Maximum mean common cIMT was 0.99mm ± 0.20 in EA and 1.11mm ± 0.23 in AA. Ln-transformed maximum mean internal cIMT values in EA were slightly larger than in AA, 0.29mm ± 0.44 vs. 0.25mm ± 0.38. In EA, no SAA1/2 SNPs were significantly associated with common or ln(internal cIMT), all p>0.05.[Figure 1] In AA, SAA2 SNPs were significantly associated with lower common cIMT, namely rs2460824 (β= −0.05, 95%CI: −0.08, 0.01; p=0.007) and rs2468844 (β=−0.03, 95%CI:−0.05, 0; p=0.054) and lower ln(internal cIMT), rs16935244 (β=−0.07 95%CI: −0.13, −0.003; p=0.040). Additionally, in AA, two SAA2 SNPs were associated with higher common cIMT, rs1520887 (β =0.02, 95%CI: 0.001, 0.04; p=0.038) and higher ln(internal IMT), rs7113375 (β =0.06, 95%CI: 0.02, 0.11; p=0.010). There was no evidence of effect modification by obesity or BMI on the association between SAA1/2 SNPs and cIMT in EA or AA; all interaction p-values >0.05. Similarly, we did not find evidence of interaction between SAA1/2 SNPs and HDL levels on cIMT in EA (all interaction term p>0.05). In AA, three SAA2 SNP–HDL level interaction terms were significant in common cIMT models involving the SNPs: rs2468844, p=0.043; rs2460824, p=0.012 and rs7130337, p=0.029. Significant interaction between rs2460824 and HDL level, p=0.034 was also found in AA ln(internal cIMT) models. These significant interactions imply that the relationship between SAA1/2 SNPs and IMT may vary depending on HDL level or equivalently that the association between IMT and HDL may vary by SAA2 genotype. Upon closer inspection, it appears that the significance of interaction terms for rs2460824 and rs2468844 may be related to the larger sample sizes of the common homozygous groups compared to the size of the other group.[Table 3] Results for rs7130337 are perhaps more interesting in that for each additional minor allele, higher HDL is more strongly associated with lower cIMT, which may suggest a beneficial effect for this minor allele.

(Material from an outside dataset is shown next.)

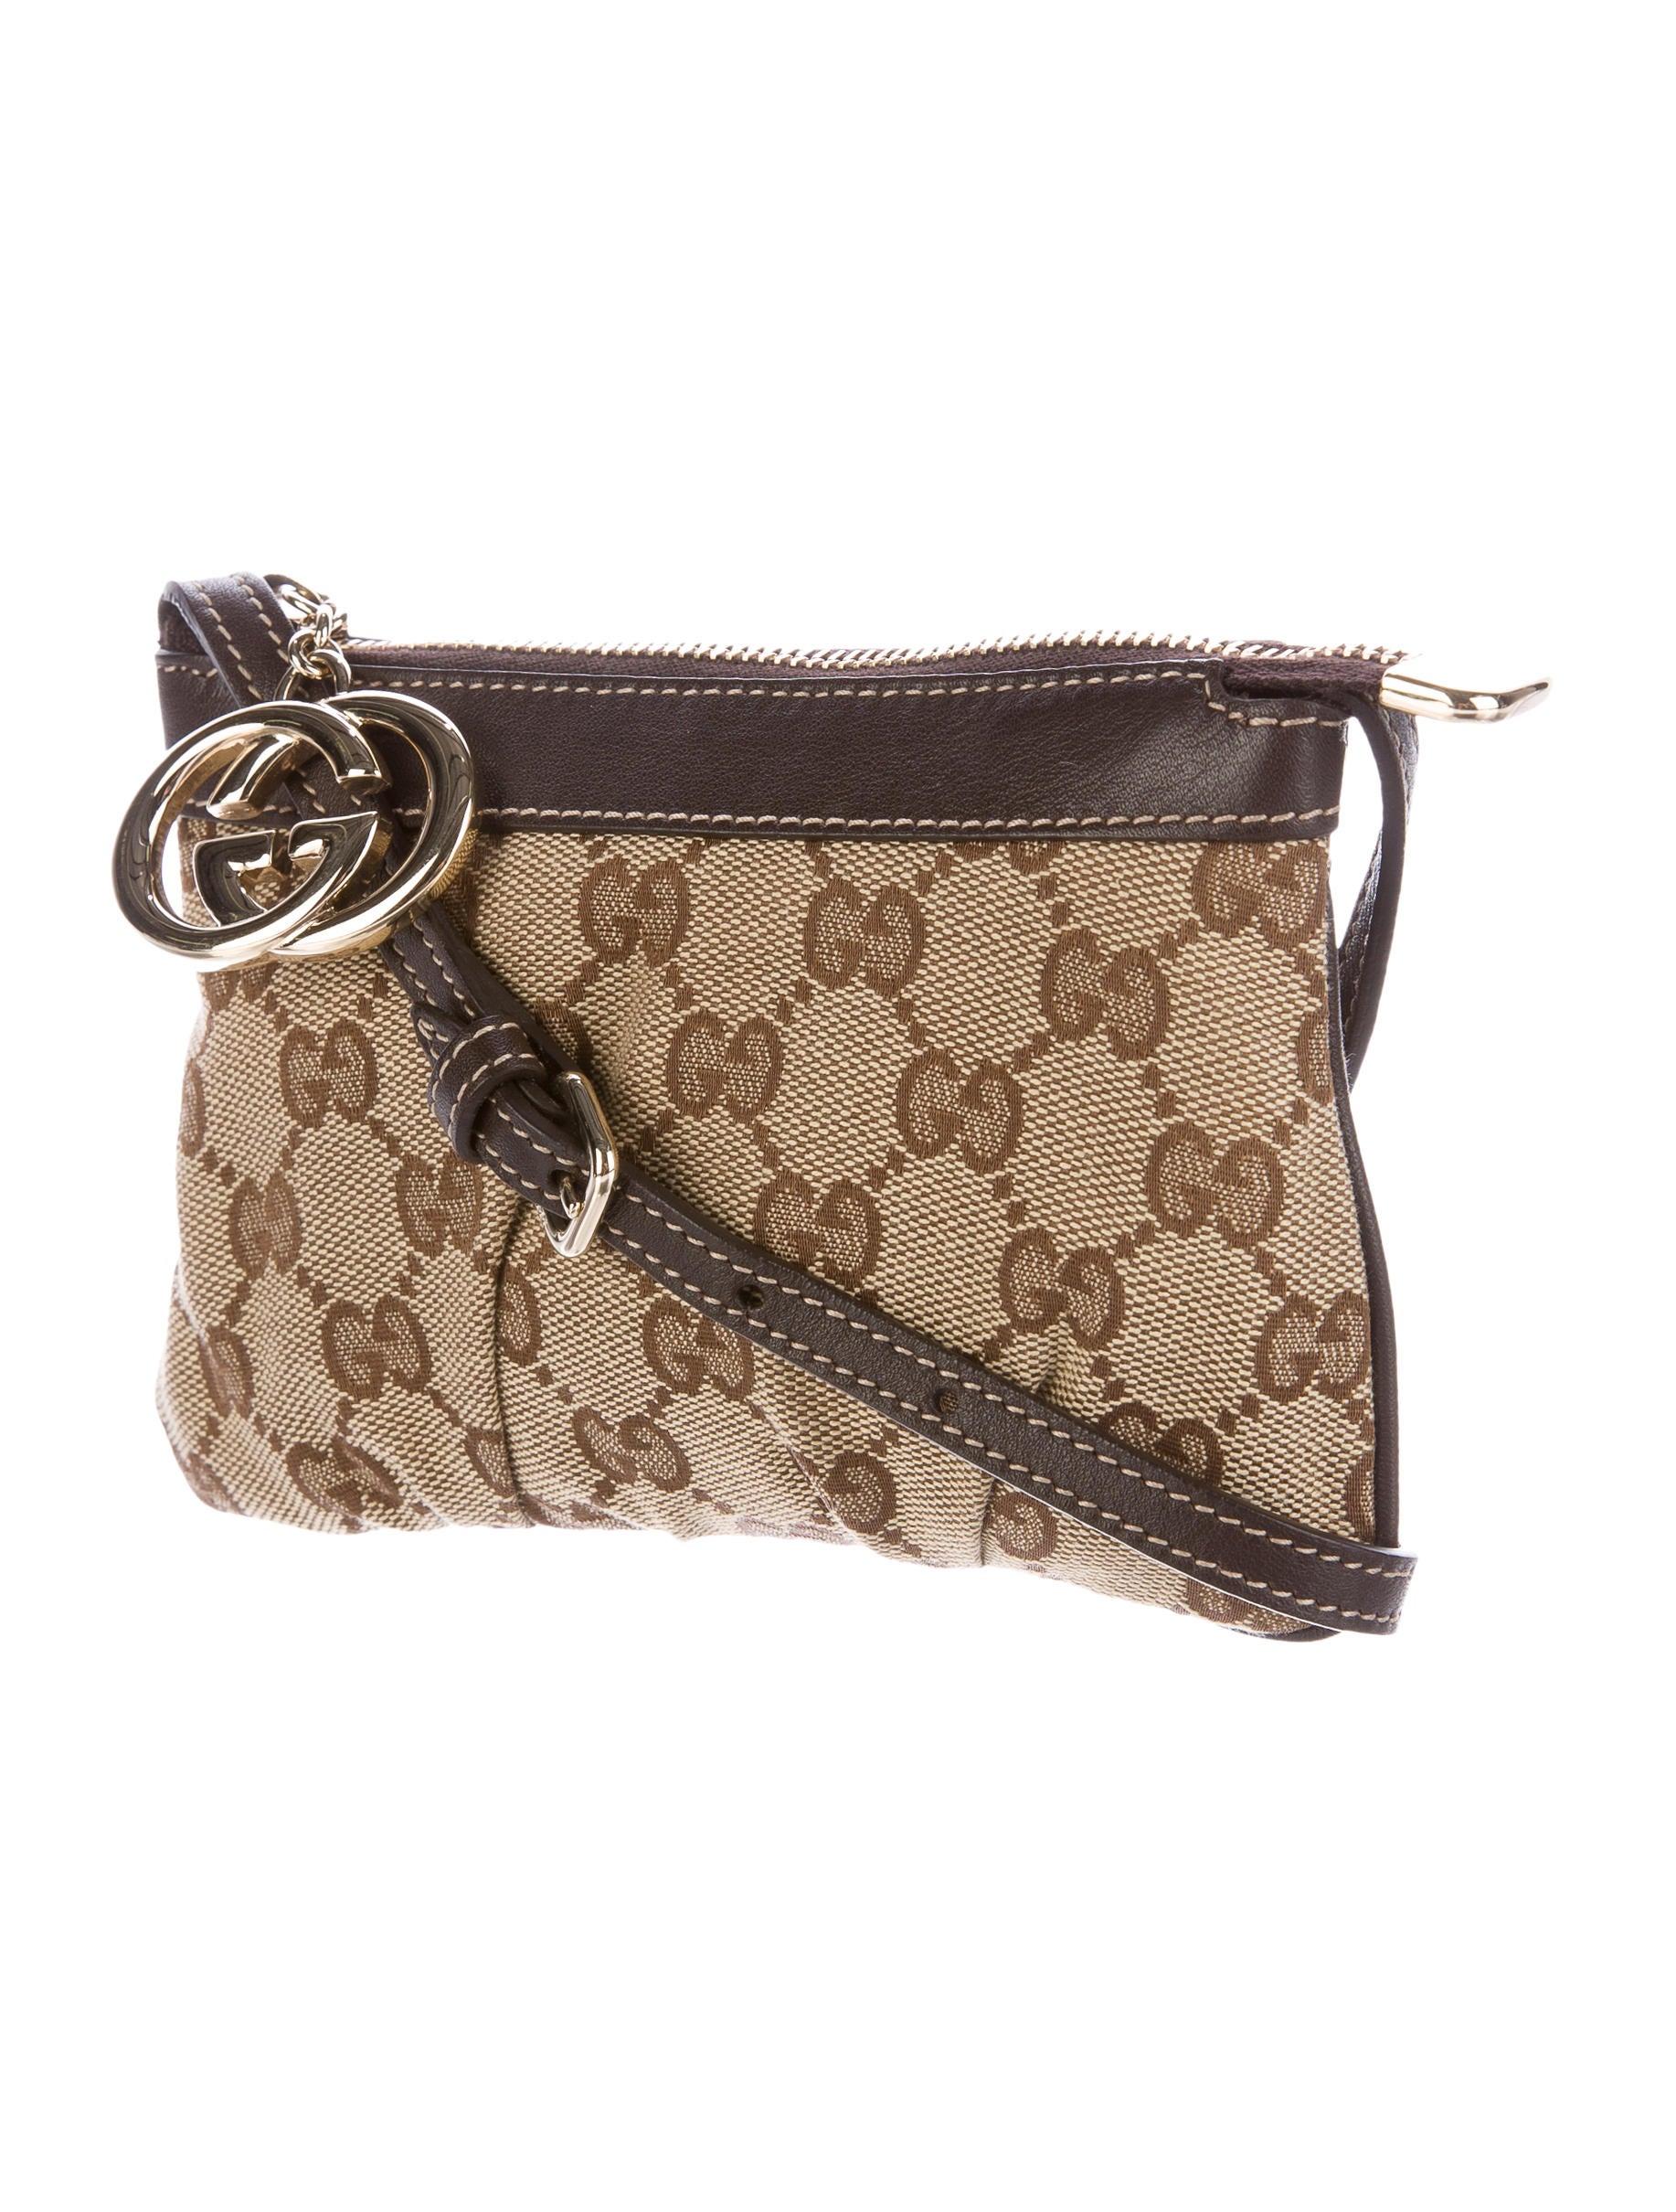 Elegant 22 Excellent Gucci Sling Bag Women | Sobatapk.com

However, as shown, effect sizes and confidence intervals are very similar, regardless of genotype. Model adjustment for smoking, LDL-cholesterol, HDL-cholesterol, BMI or obesity did not appreciably change results in EA or AA.

Figure 1
Association between SAA1/2 SNPs and cIMT in EA and AA§
Table 3
Association between IMT and HDL by SAA2 genotype in AA

Association between SAA1/2 SNPs and risk of CVD events

In EA, incidence rates of MI, ischemic stroke, CVD events, and CVD mortality were 12.2, 10.2, 44.6, and 17.2 events per 1000 person-years (py), respectively, during an approximate median follow-up of 13.6 years. In our analyses of effect modification of the relationship between SAA1/2 SNPs and events by HDL concentration or obesity status we found evidence of an interaction for obesity (p=0.011) so that among non-obese, each additional minor allele of rs4638289 was associated with a modestly reduced hazard of CVD events: HR=0.9 (95%CI: 0.8-0.99; p=0.026) and among obese, each additional allele was associated with an increased risk, HR=1.2 (95%CI: 0.98-1.4; p= 0.086). No other significant interactions or associations between common SAA1/2 SNPs and risk of events were observed.[Figure 2]

Figure 2
Association between SAA1/2 SNPs and Risk of CVD Events in European-Americans

In AA, 85 incident MIs (12.0 events per 1000 py) and 84 incident ischemic strokes (11.9 events per 1000 py) were observed; median follow-up time for both events was 12.1 years. Given the small number of events in AA, we did not model hazard ratios for SNP-event outcomes since power to detect an HR of 1.5 was low, estimated at approximately 44%.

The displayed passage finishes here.